Experiments show that your brain accepts the tool as part of your body, and changes your spacial map to fit.
http://news.bbc.co.uk/2/hi/science/nature/8112873.stm
"More telling, however, was an experiment performed with the participants blindfolded after the tool use.
After an experimenter touched the participants' elbow and middle fingertip, they were asked to point using the other hand to those two locations.
After a session of using the tool, the participants indicated locations further apart than before tool use: they seemed to perceive the tool-using arm as longer."
Is this why I always drop the nut after changing from the ratchet to my fingers?
thatsnowinnebago wrote:
John Brown wrote:
friedgreencorrado wrote:
Is this why I always drop the nut after changing from the ratchet to my fingers?
No, that's puberty.
www.instantrimshot.com
ROFL! He'll be here all week, folks...
Anyone who has driven a backhoe can attest to this phenomenon.
I remember being reprimanded by my flight instructor for holding my head level with the horizon while banking the aircraft…”become part of the aircraft, when it moves, you move”.
One of several aviation rhymes that are taught:
I am a pilot – this is my plane – it is my body – I am its brain
RX, I like that chant.
You do start to feel the plane become part of you as you progress too.
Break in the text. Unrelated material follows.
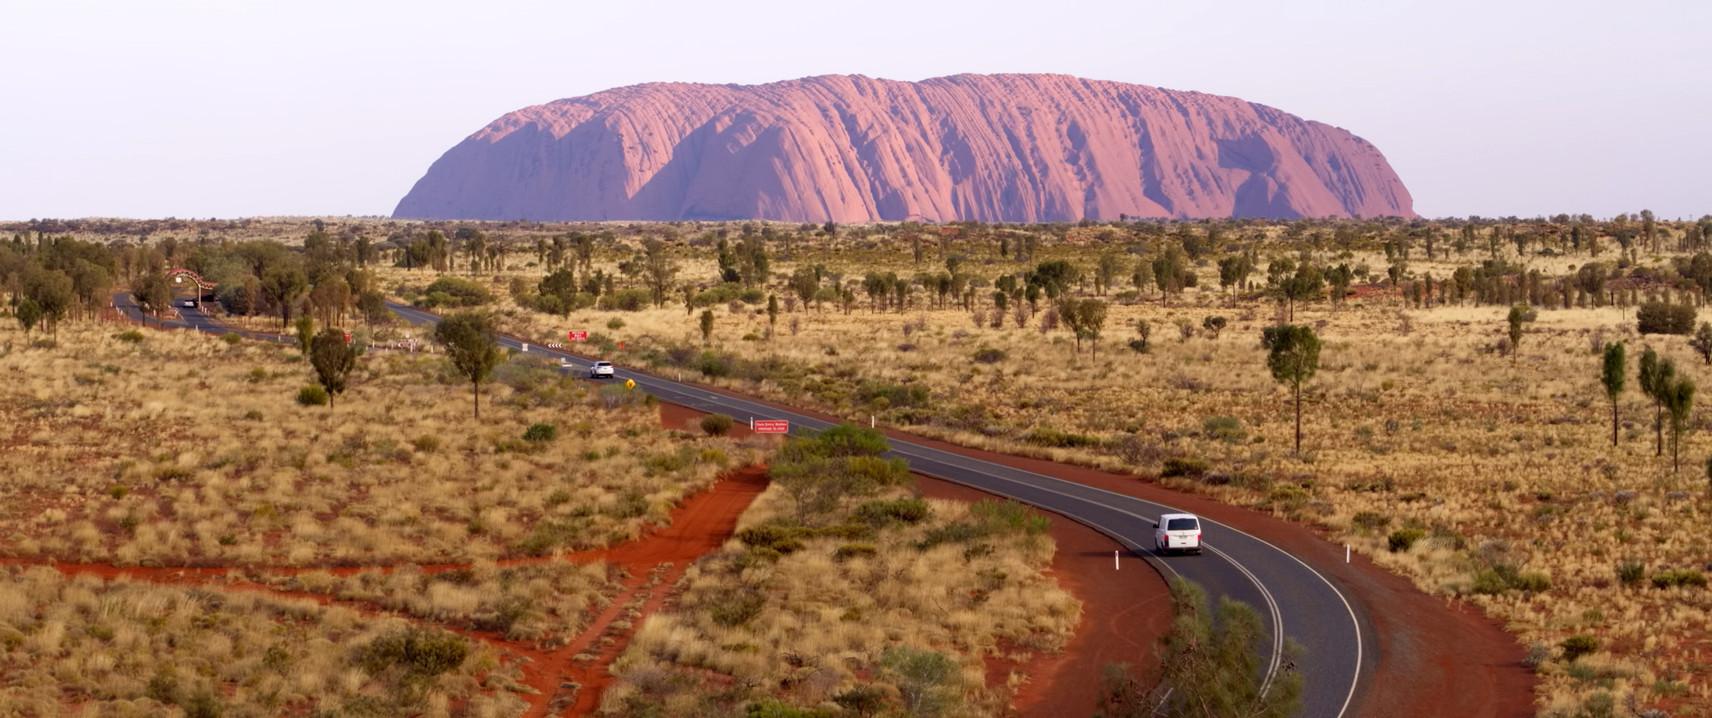 Driving into Uluru

The back of my head would be red at the end of a flight early on. "What's that rudder for?" my instructor used to ask. He could feel the plane crabbing. After a couple of hours, you get the feel for something like that.
This article is fascinating. I have always been interested in how the human brain works (and why it works). I wonder if it is the same between genders? They didn't discuss that. I thought it was going to be a picture of a sharp object embedded in someone's head on an X-Ray. 
RX Reven' wrote:
I remember being reprimanded by my flight instructor for holding my head level with the horizon while banking the aircraft…”become part of the aircraft, when it moves, you move”.
One of several aviation rhymes that are taught:
I am a pilot – this is my plane – it is my body – I am its brain
I like that. My instructor at my first SCCA Drivers' School used to tell me you wanted to wear a race car, not ride in it. To "..make it an extention of yourself..".